Although the structure of the parametric model can be changed by the design team, as the complexity of the model increases the dependencies become difficult to adjust and design freedom actually decreases. As a result, the parametric relationships tend to get locked-in. A similar experience to ours was found by Holzer et al. (2008) with their stadium roof project investigation:

“At one point in the setup of the parametric model schema, changes required by the design team were of such a disruptive nature that the parametric model schema could not cope with them.”

I found many examples where this aspect of parametric modelling occurred - the software itself was determining an inflexible method of working incapable of responding to changes outside of its system. Instead going back to square one, hacking away inefficiently at the parametric topology is the only option available due to time constraints.

“If reformulation is selected (this is common for architectural problems) the analytical stage of the design must be revisited and parameters and constraints adjusted.” Hudson R (2008).

In light of this it is clear that there must be a certain skill required to set up a parametric model that is flexible enough to cope with changes in an unknowable and wicked future. This is a sound approach if you can predict the future, believe solely in cause and effect and have never heard about a certain story with regards a butterfly flapping its wings. But this is real life. Things change during the design process, and not only that; when we start building our models we usually don’t know what the problem is itself. Is parametric modelling software the right tool to be using at all?

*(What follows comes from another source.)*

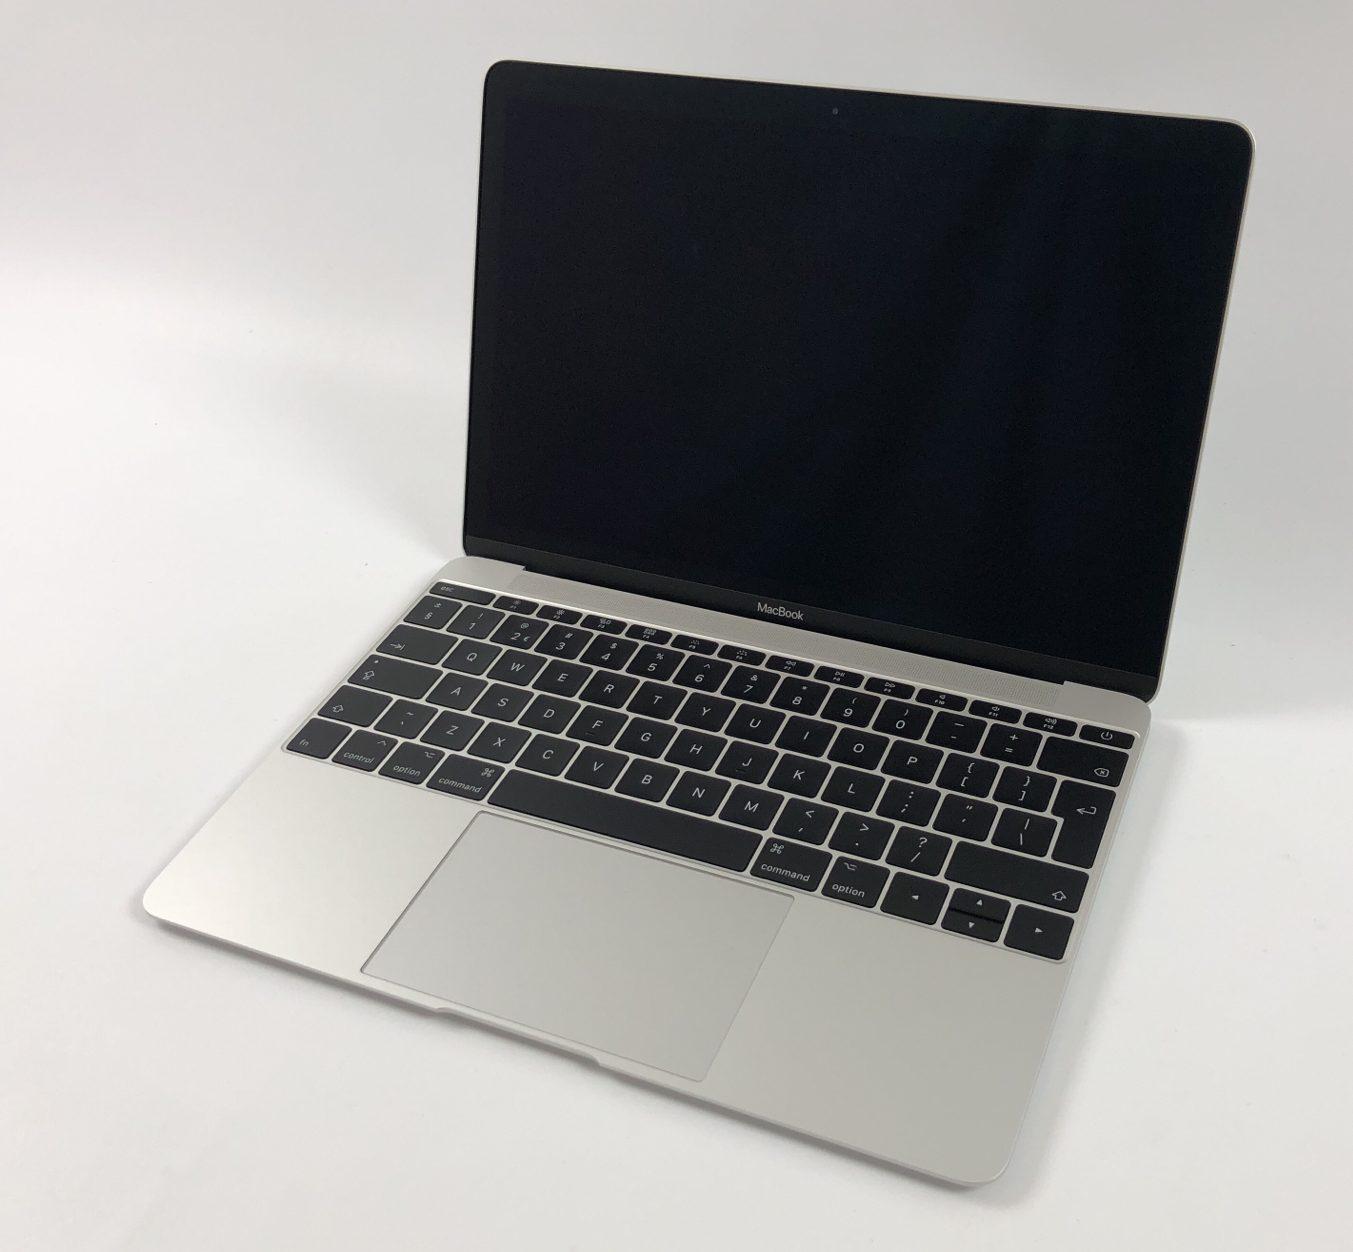 """MacBook 12"""" Mid 2017 (Intel Core i5 1.3 GHz 8 GB RAM 512 GB SSD), Silver, Intel Core i5 1.3 GHz, 8 GB RAM, 512 GB SSD, Afbeelding 1"""

Parametric models at present are no different to CAD or indeed BIM in some aspects in that designers usually only deal with one building typology which they assemble in a symbolic graph structure. This graph structure is viewed top-down and has to be comprehensible by a single human brain in order to be tweaked, something that is also done in a linear fashion (explicit history, transactions, etc). Evolutionary solvers tagged onto parametric models (in order to enable cyclic graphs) do not address this inflexibility at the meta-level, that is, the topology of the symbolic graph itself, instead reinforcing the belief that because something has been ‘optimised’, it must be a good design solution – this is a fallacy.

I therefore propose that we look again at what we are doing when we create a parametric model and optimise sliders, and how we are constraining ourselves to building typologies before we have really explored the problem domain itself. Perhaps we need to turn instead at ideas in complexity science for how nature handles environmental complexity during its design process. The use of complex adaptive systems is an attractive one because without a strict discrete structure like a parametric model, bottom up rules give rise to emergent structures with no locked-in ‘explicit history’. Our tools could adapt to changing objectives & subjectives (aesthetics, sociology, iconography, etc) that are still measured globally by tweaking rules at a lower level and letting new buildings emerge without pre-determined typologies – something crucial at the conceptual stages of design. Interestingly, we could potentially go beyond the limitations of top-down graph structures that are comprehensible by the individual and really put our computers to good use in the design of complex buildings that are coupled with a complex environment.

References:

Holzer D., Hough R. & Burry M., 2008, “Parametric Design & Optimisation for Early Design Exploration”, in International Journal of Architectural Computing, 04:05, p.638.

Hudson R., 2008, “Frameworks for Practical Frameworks for Design in Architecture”, in 26th eCAADe Conference Proceedings, p.850.